School bus companies meeting with union Monday

Ben Chapman
New York Daily News
January 26, 2013

School bus companies will meet with the union Monday to discuss the crippling strike that has left thousands of students without rides to class - but the city won’t come to the talks.

Workers for Amalgamated Transit Union 1181 walked off the job last Wednesday because the city cut job protections for senior workers from new contracts.

Mayor Bloomberg called for the bus companies to meet with the union at Gracie Mansion Monday but the city will not participate - and bus company officials are crying foul.

“This meeting is farce to shift the focus away from the real issue - the city’s new contracts,” said a company official, who asked to remain anonymous.

Local 1181 president Michael Cordiello applauded the mayor for arranging the sit-down, but said that unless the city comes to the talks as well, a deal isn’t happening.

“The best way for this strike to end is with Local 1181, Mayor Bloomberg and the City’s bus companies in one room, talking candidly and in good faith,” said Cordiello. “We urge Mayor Bloomberg to join us at the table to work towards ending this strike. Until that happens, the strike goes on.”

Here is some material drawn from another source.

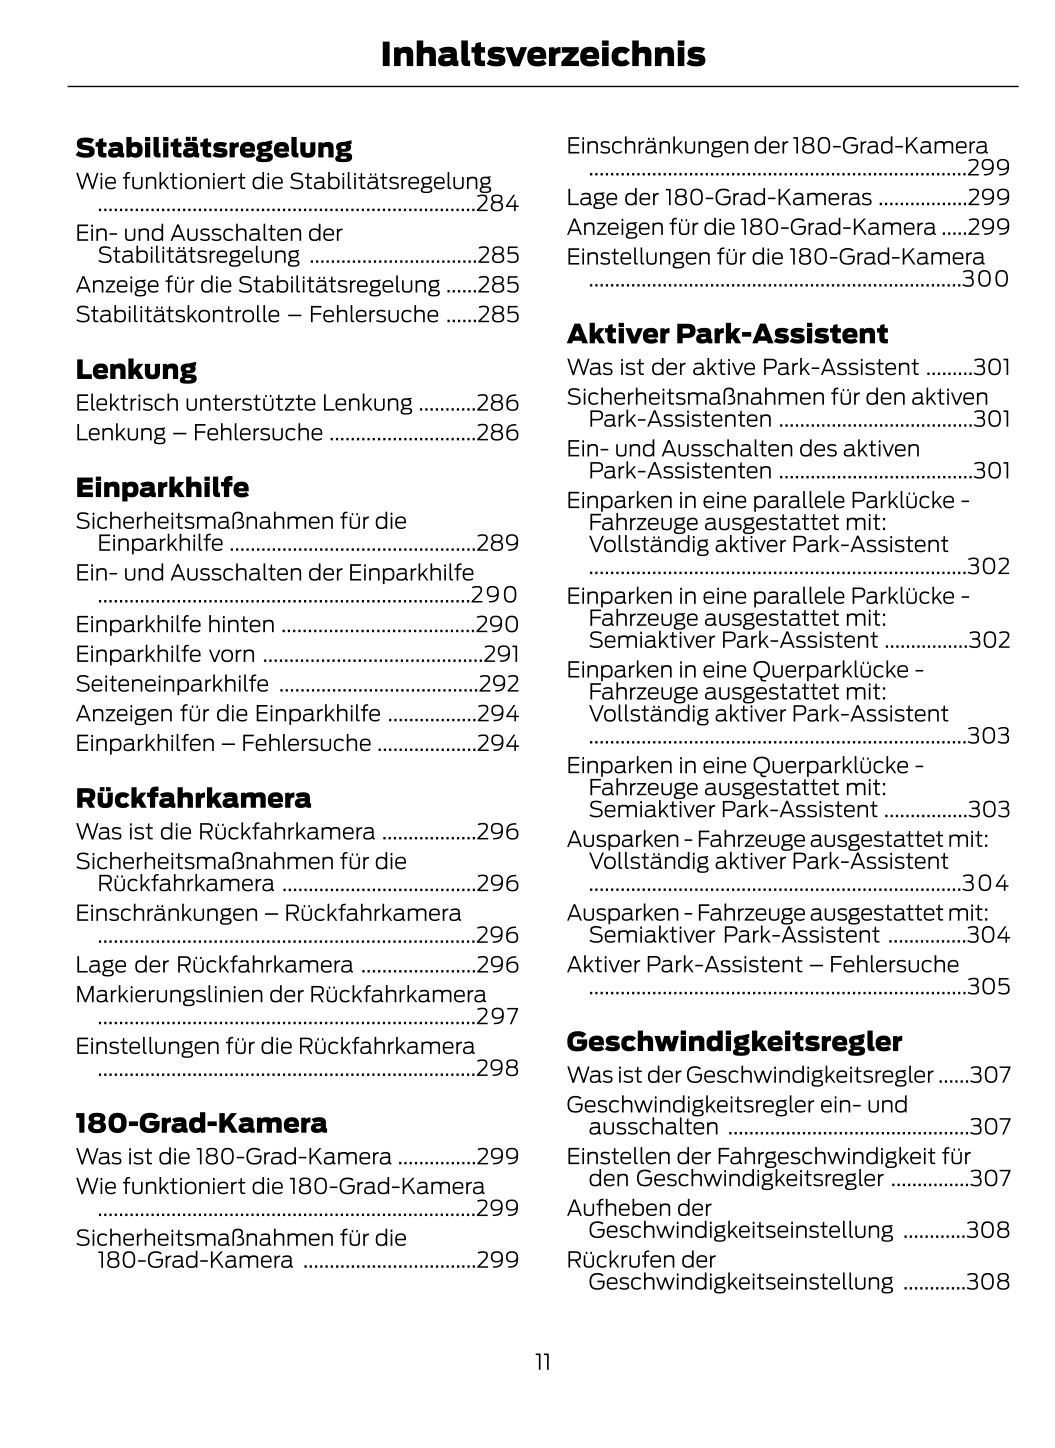 2022-2024 Ford Kuga Gebruikershandleiding | Duits

A spokeswoman for a coalition of school bus companies said that the companies will do whatever they need to do to end the strike, but that the city is needed at the talks.

Mayor Bloomberg has insisted that the strike arose for a dispute between the bus companies and the union, despite the companies and the union saying otherwise.

“The Mayor reached out to both the bus companies and union to arrange a meeting in hopes that they can come to an agreement to end the strike,” said Bloomberg spokeswoman Lauren Passalacqua.

Meanwhile city parents will have to put up with the strike for at least another week, when federal labor bosses are expected to rule on a request by the bus companies to have the strike quashed.

The National Labor Relations Board heard the companies’ argument last week that the strike is illegal because they’re caught in the middle of a battle between the city and the union.

But even if the labor leaders decide that the strike is illegal, the bus companies will still have to convince a federal judge to enforce the ruling.